Structures of some naturally occurring polyamines. It should be noted that at physiological pH values the nitrogen atoms in these structures (and in subsequent figures) would be predominantly protonated (see Chapter 32). Additional polyamines found in thermophiles are described in Chapter 5.

Fig 2

Decarboxylases involved in polyamine synthesis. (a) Pyridoxal phosphate (PLP)-dependent decarboxylases [L-1,4-diaminobutyric acid decarboxylase, L-ornithine decarboxylase (ODC), L-lysine decarboxylase and L-arginine decarboxylase]. (b) _S_-adenosylmethionine decarboxylase, which contains a covalently bound pyruvate group essential for activity.

Fig 3

Aminopropyltransferases involved in polyamine synthesis. The reaction catalyzed by these enzymes involves the attack by the unprotonated terminal N of the amine substrate on the methylene C atom adjacent to the sulfonium center of the dcAdoMet aminopropyl donor. The deprotonation of the attacking N, which is facilitated by residues in the enzyme, and the positive charge on the sulfonium S of dcAdoMet allow the reaction to proceed forming the polyamine product. The reactions shown have all been demonstrated by purified aminopropyltransferases. Other members of this family of enzymes may occur to bring about the synthesis of longer chain polyamines.

Fig 4

Condensation reactions forming polyamines from L-aspartic-β-semialdehyde.

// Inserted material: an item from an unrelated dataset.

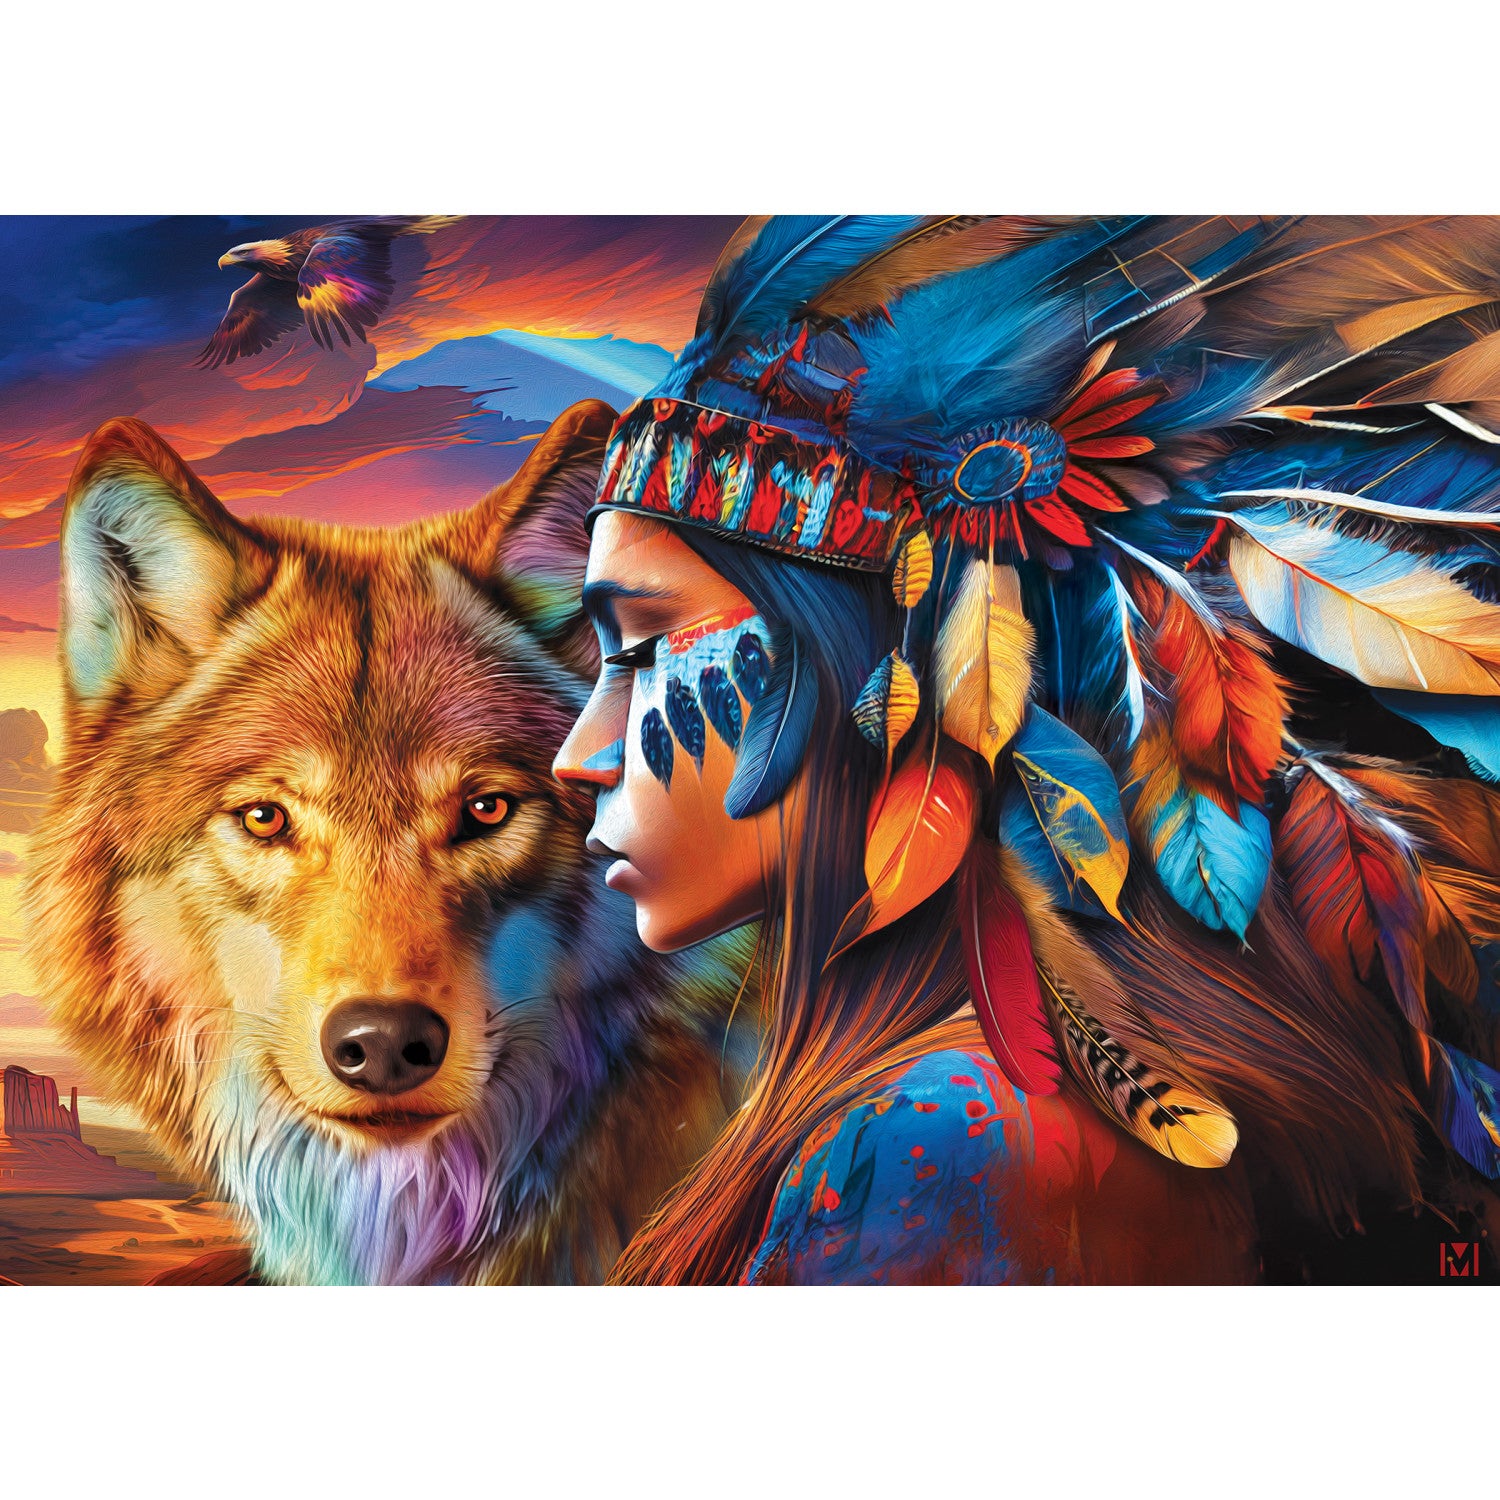 Tribal Spirit - Spirit of the Wilderness 500 Piece Puzzle

Reaction of L-aspartic–β-semialdehyde with putrescine or 1,3-diaminopropane by carboxynorspermidine synthase forms carboxyspermidine or carboxynorspermidine, which are decarboxylated by carboxynorspermidine decarboxylase to form spermidine or _sym_-norspermidine, respectively.

Fig 5

Synthesis of _sym_-homospermine and of hypusine. _sym_-Homospermine can be formed from two molecules of putrescine or from putrescine and spermidine as shown in (a). In both cases, NAD is needed for hydrogen extraction, but is regenerated in the second half of the reaction. The reaction using spermidine and putrescine, which also generates 1,3-diaminopropane, is similar to that used for the hypusine modification of eIF5A shown in (b). In this case, a lysine residue in eIF5A is used instead of putrescine forming deoxyhypusine in eIF5A and free 1,3-diaminopropane. A second enzyme hydroxylates the deoxyhypusine to form the complete hypusine modification (see Chapters 12 and 13 for more details of the reactions forming hypusine).

Fig 6

Reactions catalyzed by SSAT.

Fig 7

Reactions catalyzed by APAO and SMO. APAO has a strong preference for _N_1-acetylated polyamines formed by SSAT releasing _N_-acetyl-3-aminopropanal and SMO is specific for spermine releasing 3-aminopropanal. Both reactions also generate hydrogen peroxide.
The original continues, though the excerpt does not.